La Bielorussia di Lukashenko è una dittatura? Quanto conosciamo davvero questo paese? La crisi migratoria tra Minsk e Varsavia, che si sta consumando in questi giorni ai confini dell’Unione Europea, pone inevitabilmente più di qualche interrogativo in merito. La Bielorussia è uno stato dell’Europa orientale, formalmente una Repubblica presidenziale, ma de facto una vera e propria dittatura. Il presidente Lukashenko è, infatti, a capo del governo di Minsk dal 1994.
In quell’anno si tennero le prime elezioni presidenziali da quando la Bielorussia divenne indipendente rispetto all’ormai caduta Unione Sovietica.
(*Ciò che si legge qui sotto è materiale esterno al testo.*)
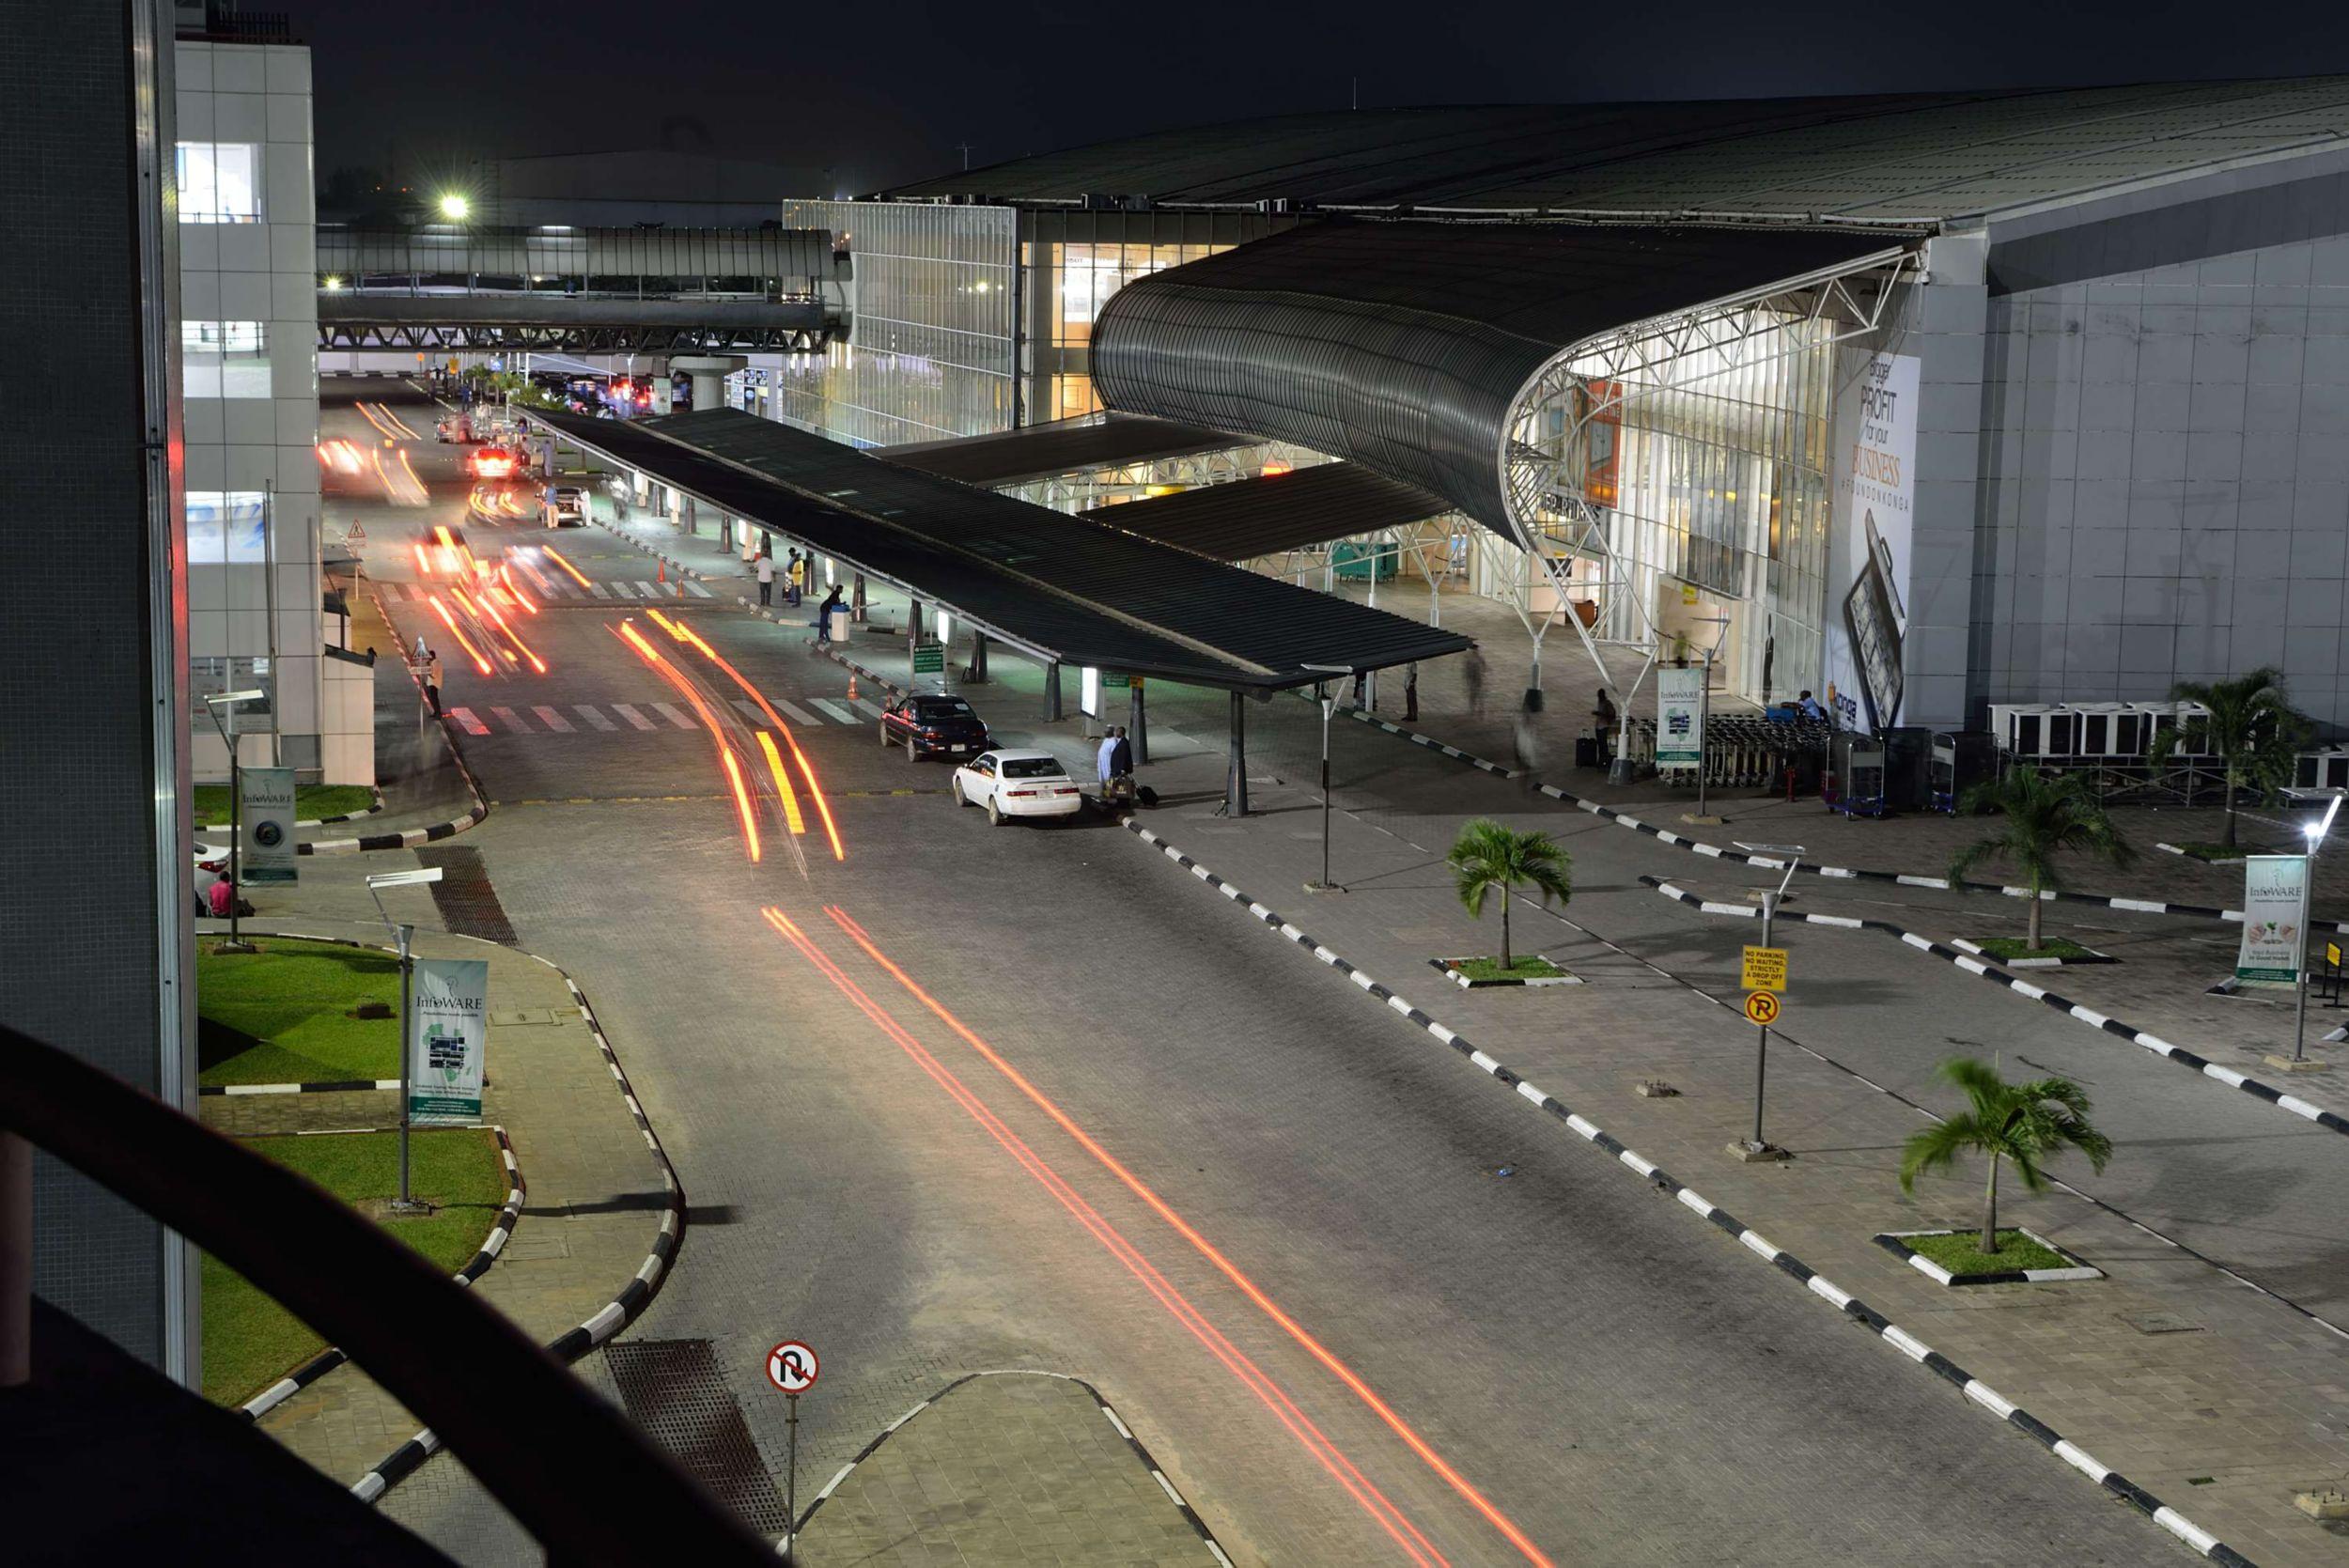 Murtala Muhammed International Airport in Lagos, Nigeria

Il presidente bielorusso è oggi al suo sesto mandato, dopo le elezioni presidenziali del 9 agosto 2020. E’ stato possibile grazie al referendum costituzionale del 2004, in cui vinse il “sì“, che gli permise di ottenere mandati per la rielezione illimitati. Tuttavia, l’Unione Europea non riconosce i risultati di tali elezioni, ritenendole falsate. Non che a Lukashenko importi qualcosa.
La Bielorussia di Lukashenko è una dittatura? Le proteste dei cittadini
Il fatto che Lukashenko sia presidente ormai da 27 anni ha scatenato in Bielorussia una serie di manifestazioni popolari, note come la “rivoluzione delle ciabatte“. Le accuse che il popolo rivolge al loro leader sono di corruzione e brogli elettorali (e come biasimarli, come 26 anni?). La formula adottata del voto anticipato, del resto, insieme al controllo dei mass media da parte del governo, ha sempre permesso un facile aggiramento della veridicità dei voti. Le prime manifestazioni si sono consumate il 24 Maggio 2020, partendo dalla capitale Minsk e disperdendosi poi in tutto il paese. L’esito è stato tuttavia tutt’altro che positivo per i manifestanti: il presidente bielorusso ha represso le proteste con la violenza, causando centinaia di feriti e una decina di morti.
Lukashenko è riuscito a resistere e tutt’oggi resta il presidente indiscusso, forte del sostegno della Russia di Putin. Per rimanere al potere così tanti anni, dopotutto, è necessario avere le spalle ben coperte, possibilmente da un alleato più potente di te. Esiste poi un altro modo per potersi imporre politicamente, attraverso le minacce e il frequente uso della forza. Lukashenko conosce bene le regole del gioco, e le applica attraverso continue attività di intimidazione verso gli oppositori politici. Può farlo in quanto forte dei sei mandati presidenziali, che gli hanno permesso un forte accentramento del potere. Nel frattempo, l’ONU ha più volte (invano) condannato la Bielorussia per le violenze commesse verso i propri cittadini.
Una violazioni dei diritti umani: il volo dirottato
Il 23 maggio 2021, un volo proveniente dalla Grecia e diretto in Lituania, passando per lo spazio aereo bielorusso è stato dirottato e fatto atterrare presso l’aeroporto di Minsk, con la scusante di un allarme bomba. Una volta fatto atterrare l’aereo, sembra che l’allarme sia casualmente cessato, grazie all’immediato arresto del blogger e dissidente politico Roman Protassevitch (ritratto in foto), che viaggiava su quell’aereo. Ovviamente, l’uomo non aveva nulla a che fare con nessun ordigno esplosivo, ammesso che ne esistesse realmente uno, cosa molto difficile da credere. Con quest’operazione, Lukashenko ha di fatto dimostrato in patria di poter “scovare” chiunque abbia da ridire sullo stato delle cose, anche quando non fisicamente presente nel paese.
L’Unione Europea, a seguito di tali eventi, ha inasprito le misure economiche verso la Bielorussia, condannando il suo gesto come una palese violazione dei diritti umani. La conseguenza concreta fu il divieto di sorvolo sullo spazio aereo bielorusso per tutte le compagnie europee. Intanto, la crisi a confine tra Polonia e Bielorussia continua a persistere. L’incapacità di risposte concrete e decise da parte dell’Unione Europea rende la Bielorussia capace di poter imporre la propria volontà, soprattutto grazie all’appoggio dell’alleato russo. Il governo di Minsk ha una visione del mondo molto differente rispetto a tutti gli altri paesi europei. Basti pensare che la Bielorussia è l’unico paese in Europa in cui è ancora applicata la pena di morte.